M. Facal, qui est titulaire d’un doctorat en sociologie de la Sorbonne, en appelle à une nouvelle représentation de nous-mêmes, expurgée de cette autocritique trop sévère. «Parmi les tâches intellectuelles à l’ordre du jour, a conclu le conférencier, il faut donc continuer à développer une vision plus équilibrée de notre passé afin de mettre à jour une conscience plus juste de nous-mêmes, qui marginalisera pour de bon nos réflexes d’autodénigrement.»

Guy Rocher voit plutôt le fil conducteur dans la «vive tension entre deux “forces” opposées: d’une part, la force d’attraction de ce que j’appellerai la nordaméricanisation et, d’autre part, une force de défense et d’affirmation d’une identité québécoise singulière». Cette tension s’illustre en particulier dans la fâcheuse tendance, tant chez les élites que dans les médias, à nous comparer avec l’Ontario. «Surtout depuis la Seconde Guerre, l’Ontario a été et demeure pour le Québec à la fois le concurrent, le référent et le principal terme de comparaison, parfois le modèle et parfois le contremodèle, dans la course en avant à la modernité.»

Face à la montée de la marée culturelle nord-américaine, le Québec doit donc relever le défi de la préservation de son identité.

Joseph Facal

La rupture comme fil conducteur

Joseph-Yvon Thériault perçoit les choses différemment. À son avis, la seule continuité au cours du dernier siècle est «l’idée de rupture». En niant leur passé à partir de la Révolution tranquille, les Québécois sont «redevenus» le peuple sans histoire qu’avait décrit lord Durham dans son célèbre rapport. Citant Fernand Dumont, Marcel Rioux et Gérard Bouchard, dont les idées semblent converger sur ce point, M. Thériault juge que cet excès de modernité a eu des conséquences sur la conception que les Québécois nourrissent à l’égard d’eux-mêmes. Cela aurait contribué à leur anomie identitaire.

«L’anomie est une forme de dilution du lien social provoquée par la difficulté de la société – de la conscience collective ou du lien social – à socialiser l’individu, a dit le titulaire de la Chaire Identité et francophonie de l’Université d’Ottawa. La tendance anomique des sociétés modernes, lorsque non atténuée par des formes nouvelles de solidarité, consiste à produire de la désorganisation sociale. Au Québec, maints indices tendent à démontrer une présence particulièrement aigüe d’anomie.»
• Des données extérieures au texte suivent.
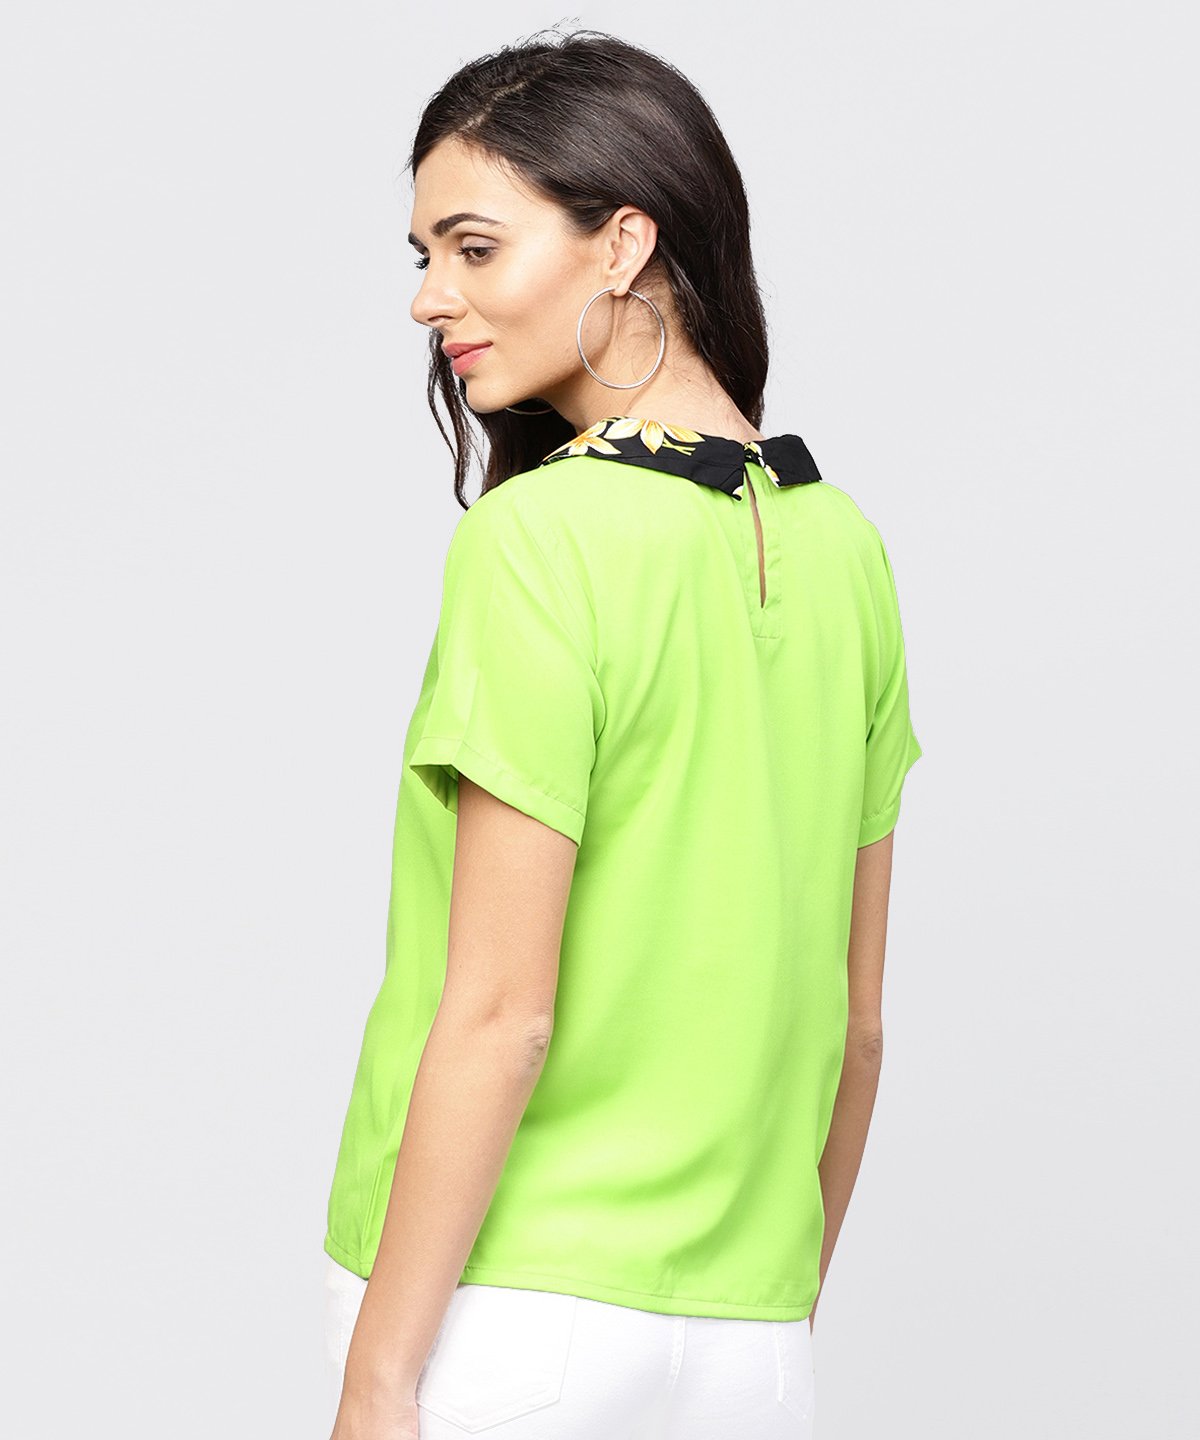 Women's Parrot Green Top With Half Sleeves And Collar - Nayo Clothing

Avec la collaboration d’une douzaine d’experts, le colloque a permis d’explorer d’autres «trajectoires de Claude Ryan», notamment son engagement dans les mouvements catholiques de l’après-guerre et dans l’éducation aux adultes. Même si plusieurs communications présentées – notamment celle de Denis Monière, professeur au Département de science politique – se rapportaient à sa contribution à la vie politique, c’est de l’éditorialiste qu’on semble le plus s’ennuyer.
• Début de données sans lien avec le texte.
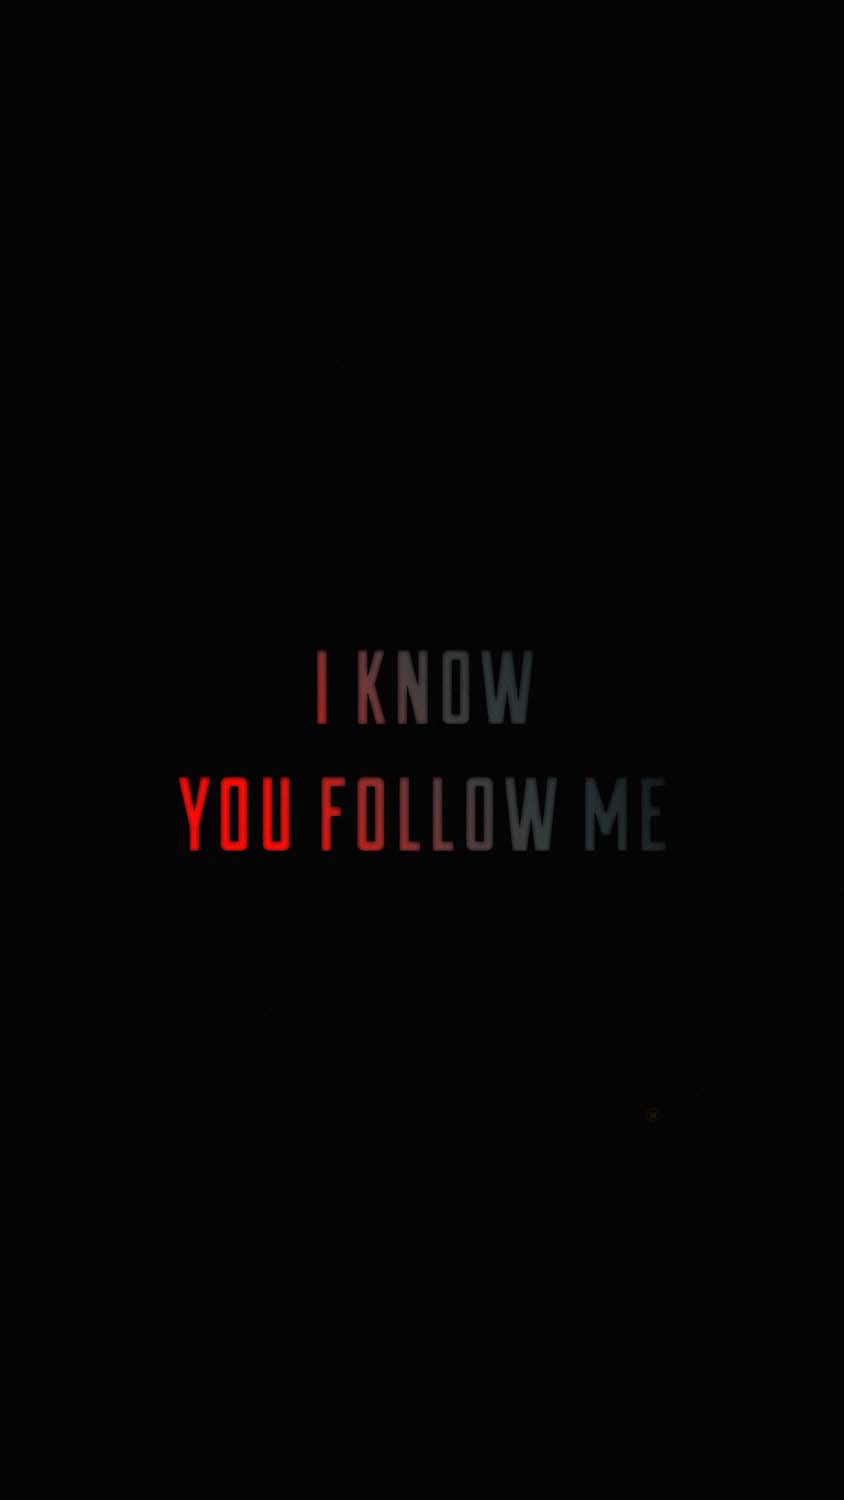 I Know You Follow Me iPhone Wallpaper HD

Environ 135 personnes s’étaient inscrites à ce colloque thématique portant sur une personnalité non universitaire, une première en son genre pour l’Université de Montréal. «Claude Ryan est de ceux qui ont œuvré et réfléchi à notre entrée dans la modernité, écrivent les deux pères de cette rencontre, les doyens Louis Maheu (FES) et Joseph Hubert (FAS). Il appartient à la génération des personnes d’action et de réflexion qui ont fait des choix, développé des projets sans faire table rase de l’itinéraire collectif antérieur.»
Il n’est pas exclu que d’autres rencontres, dans une série intitulée «Québec: d’hier à demain», soient organisées au cours des prochaines années.